巡回部部室に残ったアサヒは、他部署からの共有報告書の整理や、応援要請の内容を地区ごとにまとめていた。
「アサヒ君。君要請が来たら一人で行くつもりだろう」
 サカイはお茶をすすりながら尋ねる。
「そんなことしませんよ。サカイ部長が一緒に行ってくれるでしょう」
 アサヒは書類から目を離すとサカイへ視線をやる。
「やっぱりそうか」
 サカイは溜息混じりに言う。だがその表情は少し笑っているようだった。
「銃の申し子の本気、見たいんですよ」
「もっと他の言い方はないのかねえそれ。まあでも、ハルト君を演習に行かせたのは正解だったと思うけどね」
「朝一でカナタから頼まれたんですよ。あいつも成長してますね。あ、サカイ部長お茶入れ直しますよ」
 アサヒはそう言うと二杯紅茶を入れテーブルに並べる。サカイはそれを見ると椅子から立ち上がりテーブル横のソファに座り直した。
 アサヒは向かいあうように反対のソファに座る。
「僕のところには相談なかったけどなあ」
 サカイは温度を確かめるようにそっとカップに口をつけて言う。
「サカイ部長は許してくれる前提だったんでしょう? 実際そうだったし」
「それは、信用されてるってことでいいのかなあ」
 困ったような表情を浮かべる。テーブルの中央に置かれた籠に手を伸ばすとチョコレートを一つつまんだ。
「そういうことですよ。まあとにかく、ハルトが少しは肩の力抜いてくれればいいんですけどね」
「大丈夫だろうよ。
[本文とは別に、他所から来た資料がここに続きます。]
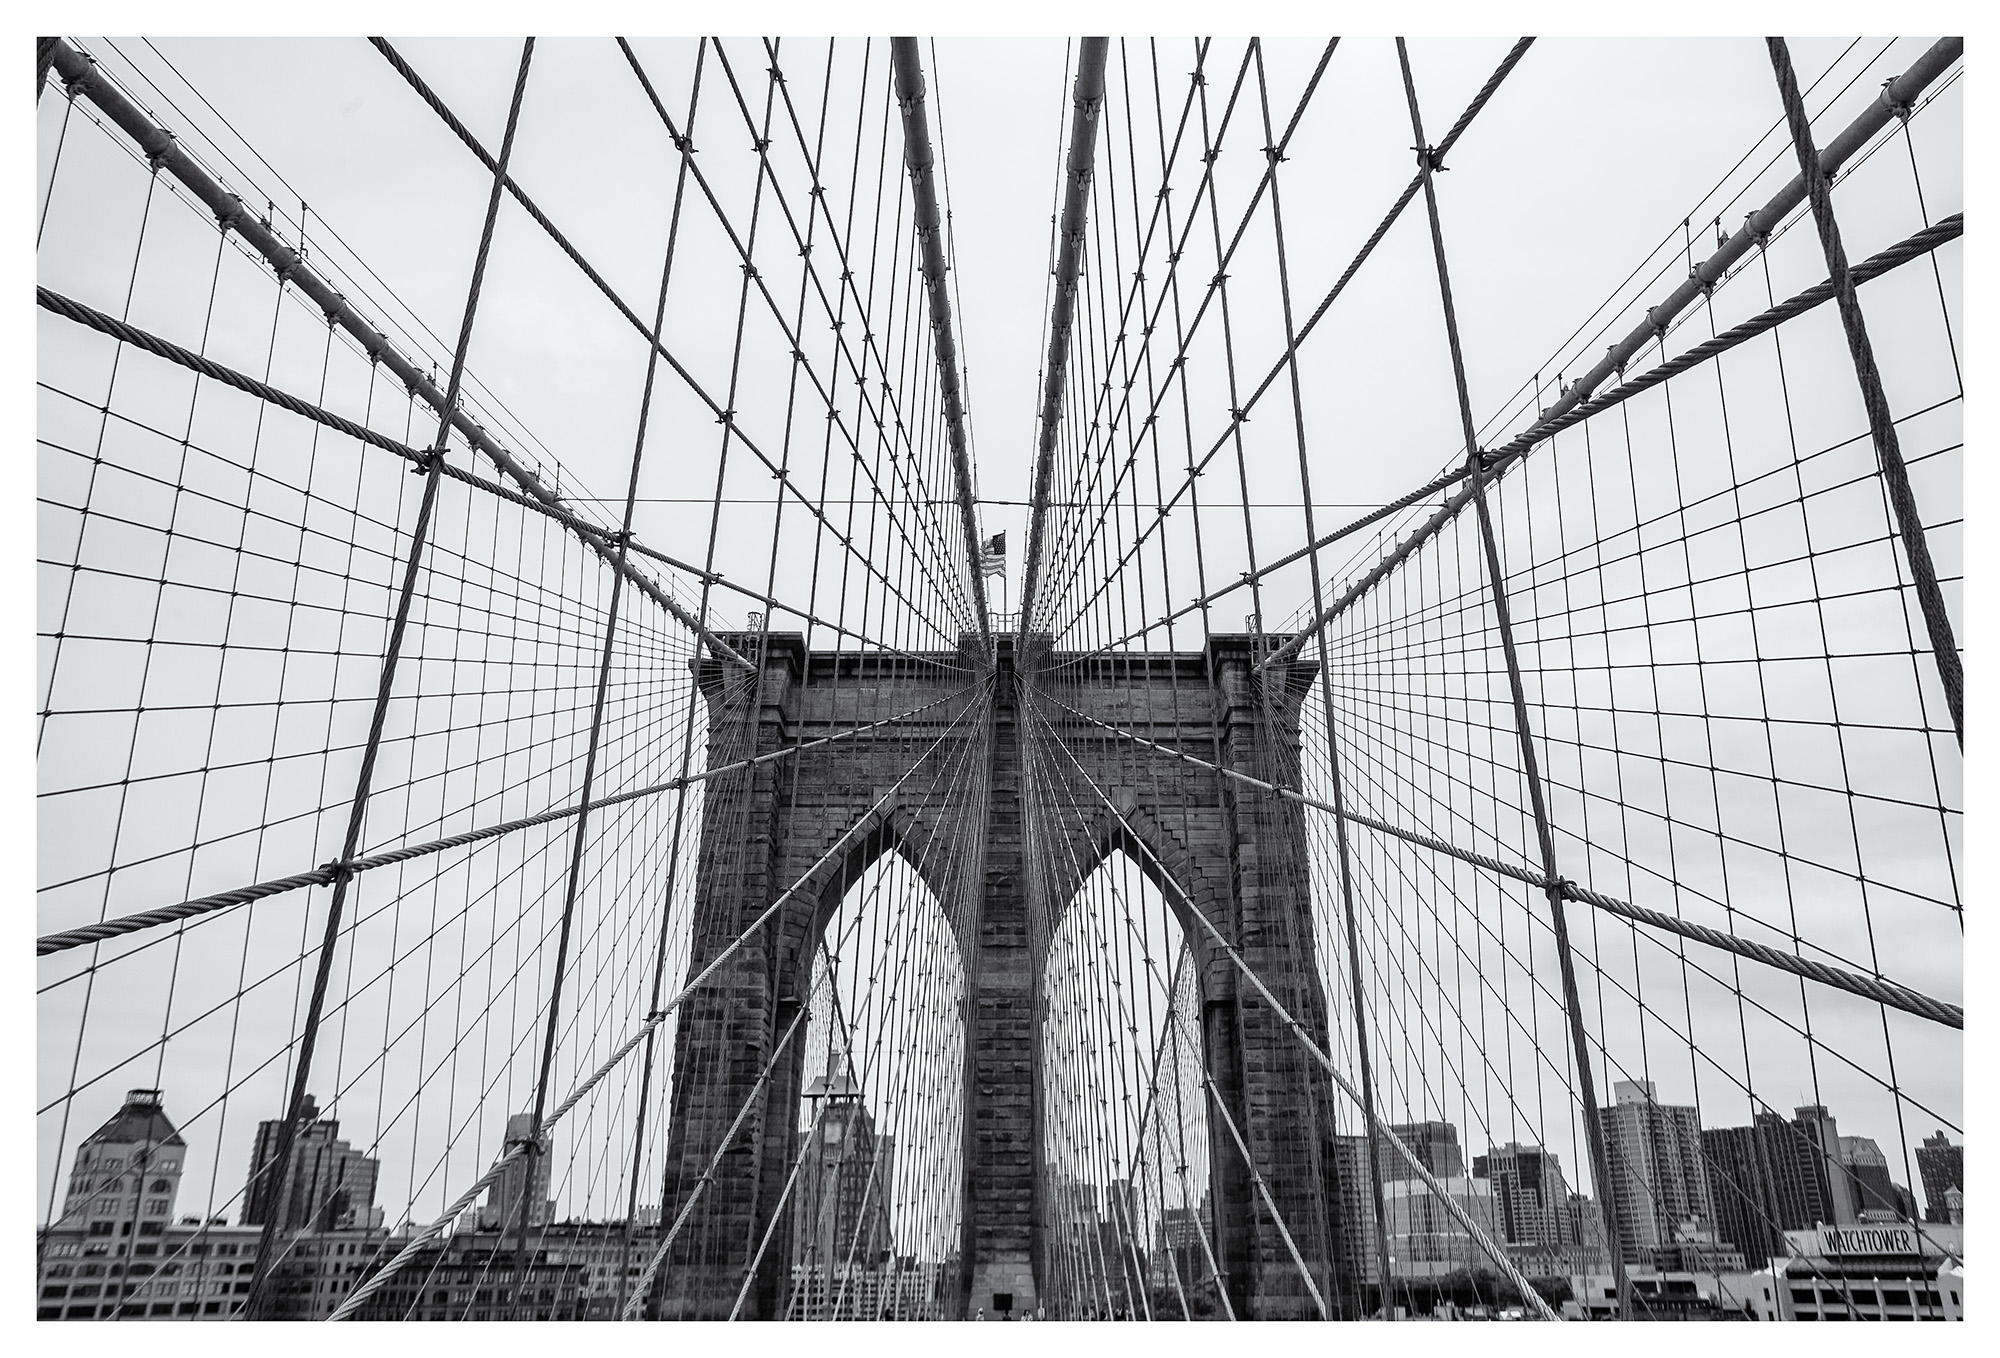 This black and white image captures the Brooklyn Bridge in all its symmetrical glory. While crossing, the intricate web of wires...

似てるからねえハルト君。昔のカナタ君と」
「イツキにも似てると思いますけどね」
「ああ、それもそうだね……そうか、似た者同士なんだな」
 サカイは思い出された過去のことを、またそっと閉じ込めるように、口に残ったチョコレートの甘さと一緒に紅茶で飲み込んだ。

「二対二でいいかな」
 イツキは四人の顔を見渡す。演習場につくとすでにナツコンビは来ていて、ハルトを紹介するとさっそく演習内容の話し合いになった。
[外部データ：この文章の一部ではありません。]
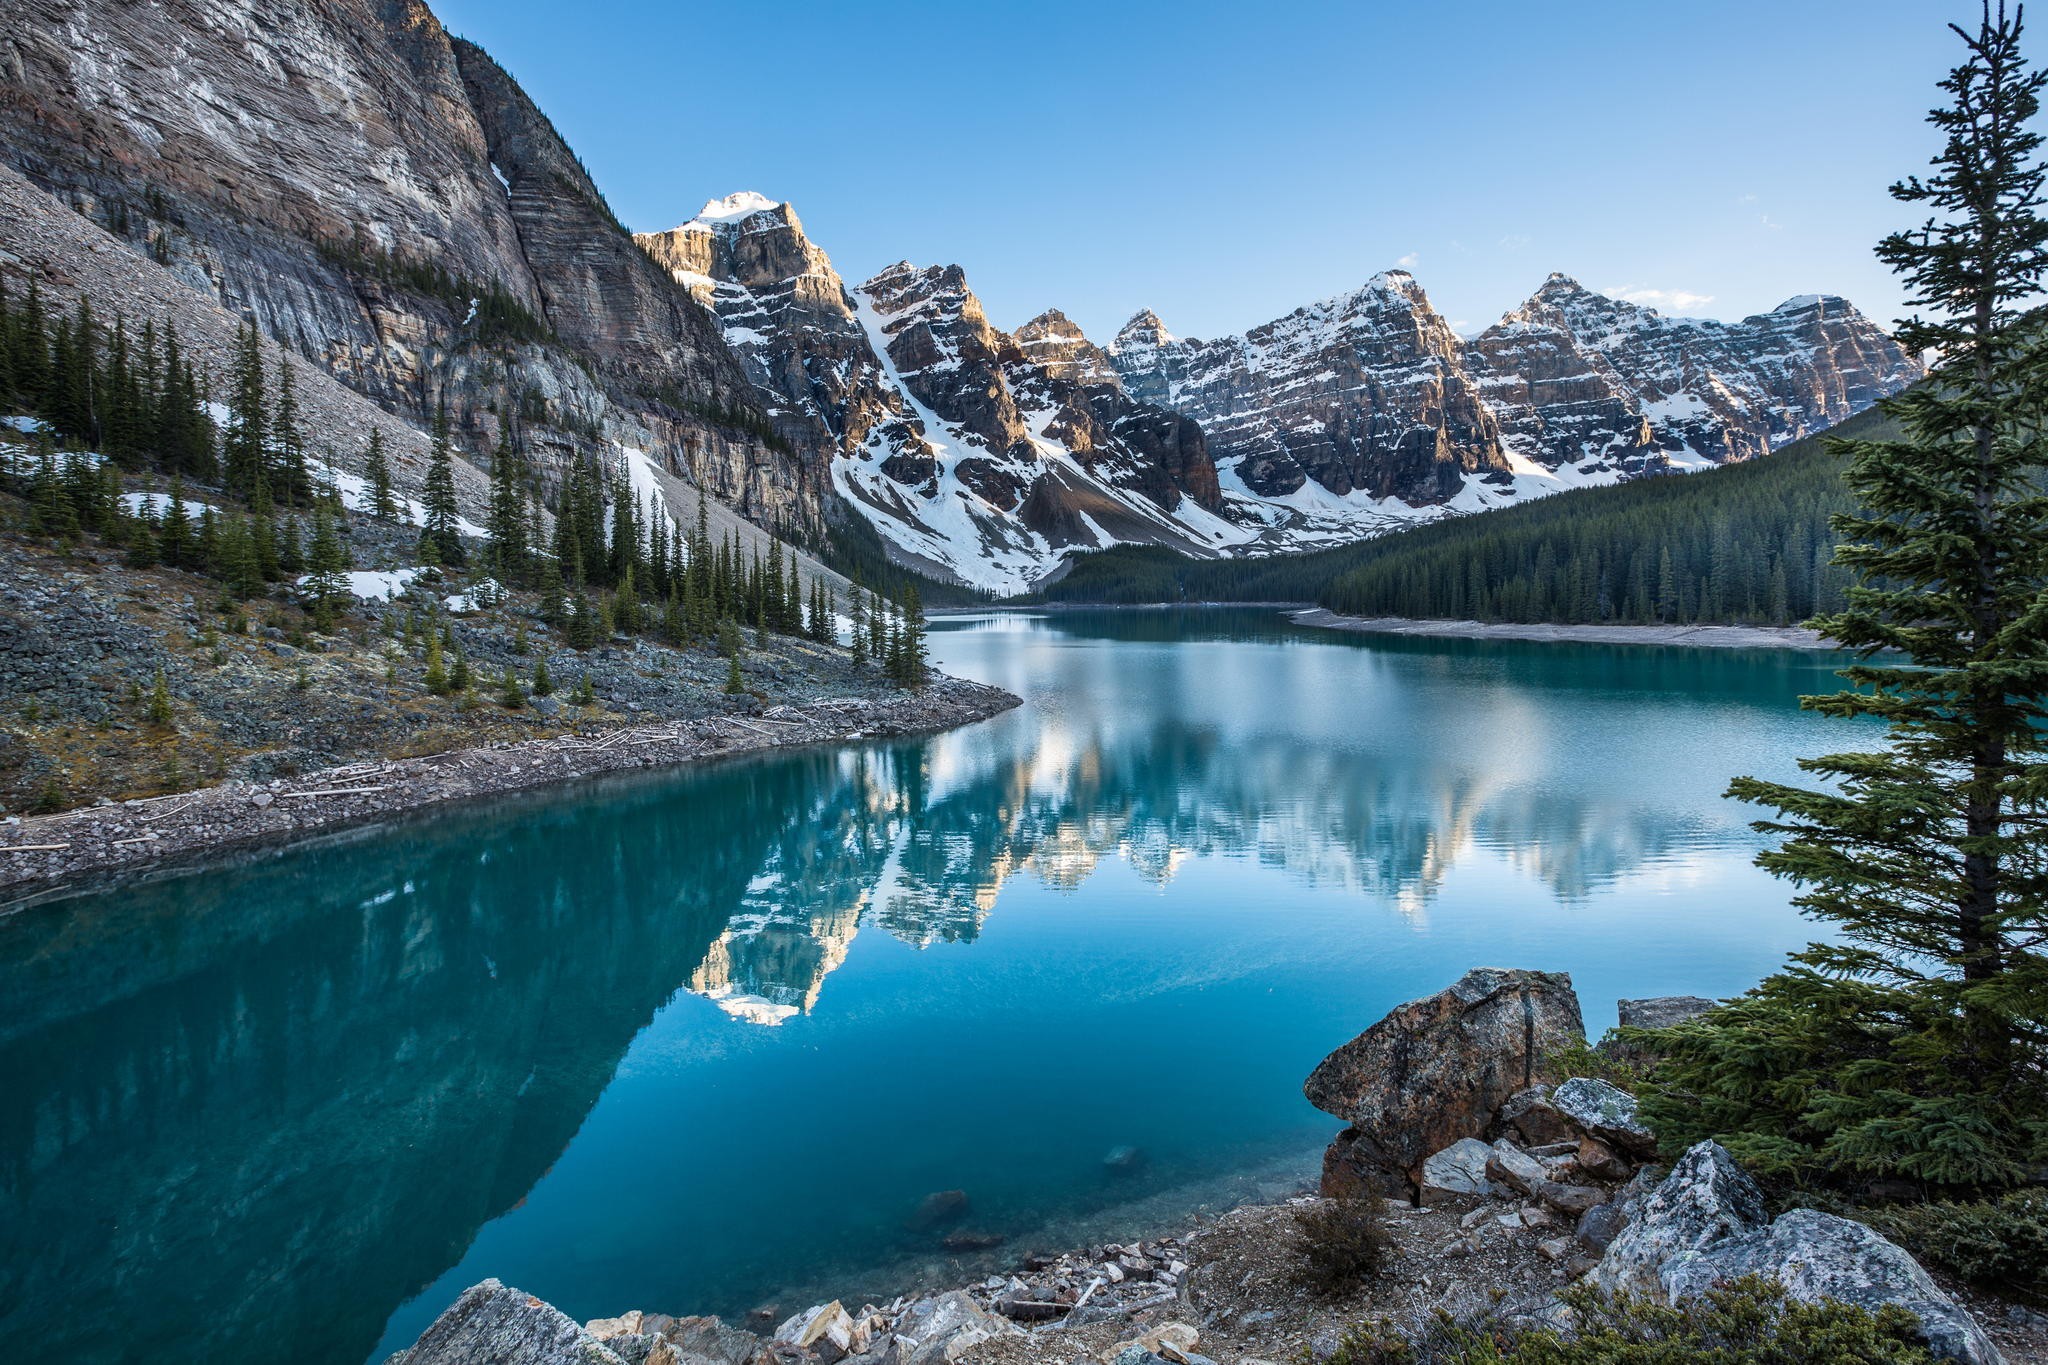 General 2048x1365 nature landscape Banff National Park lake mountains forest Canada Moraine Lake

「いいんじゃないか。ハルトとナツコンビのどっちかは別にしたいな。まだお互いの動きの癖とかも知らないし、そっちのほうが練習になる」
「じゃあ俺カナタ先輩と組みたいです!」
 すかさず声を上げたのはナツキだった。それに続きイツキも口を開く。
「じゃあ俺ハルトと組もうかなあ。ナヅナ、次は俺とな」
「はい! お願いします!」 
「じゃあ最初はそれでやろうか。内容はポピュラーなのでいいな」
 カナタのそれに他メンバーも異論はなく、準備を始める。演習場にあらかじめ用意してある、ネオファイルを模した四角形の箱を腰につける。
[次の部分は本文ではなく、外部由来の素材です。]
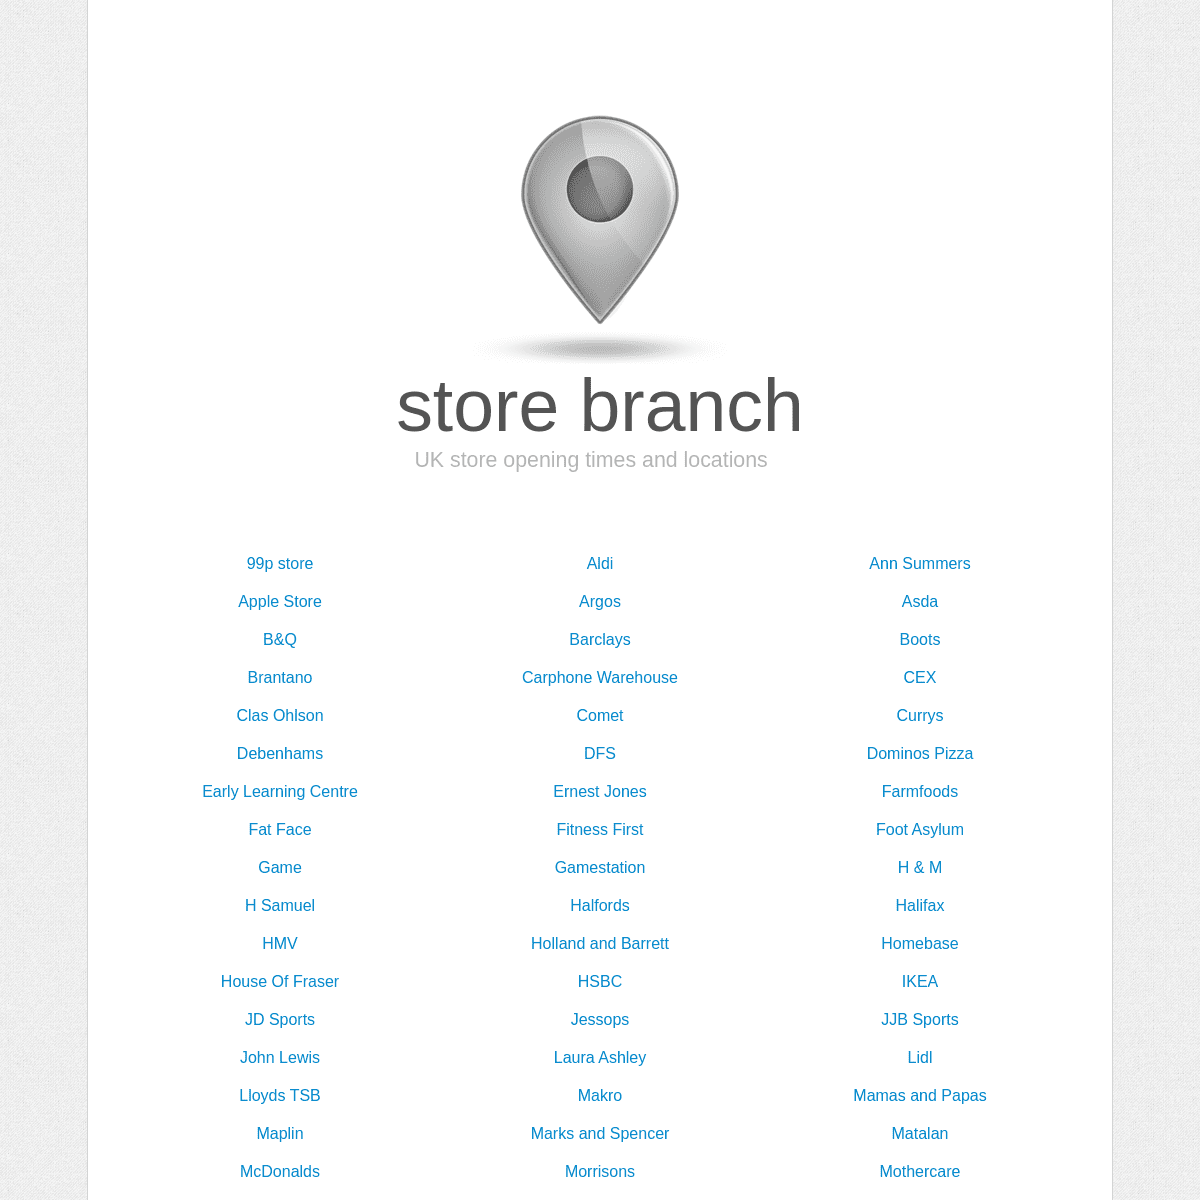 A complete backup of storebranch.com

「あっ、ネクタイ持ってきてない。もお、カナタがいきなり言うからだあ」
「人のせいにするな。大体、いつもちゃんと着けておけばいいだろ」
「イツキさん、もしかしたらと思って……これ、使ってください」
 ナヅナはそう言うとイツキにネクタイを渡す。
「さすがナヅナ。よく分かってるねー。ありがとう」
 カナタはそれを見て溜息をつきつつ先ほどとは反対側、ベルトに蝶々結びにする。
 演習にはっきりとしたメニューがあるわけではないが、カナタの言う〝ポピュラー〟というのは、〝偽ネオファイル〟を撃つことで勝敗を決めるものだ。ネクタイは接近戦に特化したもので、取れば勝ちというもの。
 カナタ達は今回、その両方を同時にやる。
「制限時間はなし! 勝ったほうが勝ち! よーい……」
 イツキが声を上げると慌ててカナタはそれを止める。
「ちょっと待て。誰がクリップを創るんだ?」
「確かに……」
 ナツキは同意の声を上げる。
 他部署の管理史がいるからだろうか、ハルトも自分はやるとは言わなかった。
「俺、カナタ先輩の見たことない気がします」
 そう言ったのはナツキだった。いつもは自分やナヅナが創っているからと続ける。
「戦いながら創るっていう練習をさせてたからね」
 イツキは試案しているような表情を浮かべていう。カナタはその様子を見て、イツキの言わんとしていることを感じ取る。先手を打ってされるであろう提案を遮ろうとするも、イツキはそれよりも早かった。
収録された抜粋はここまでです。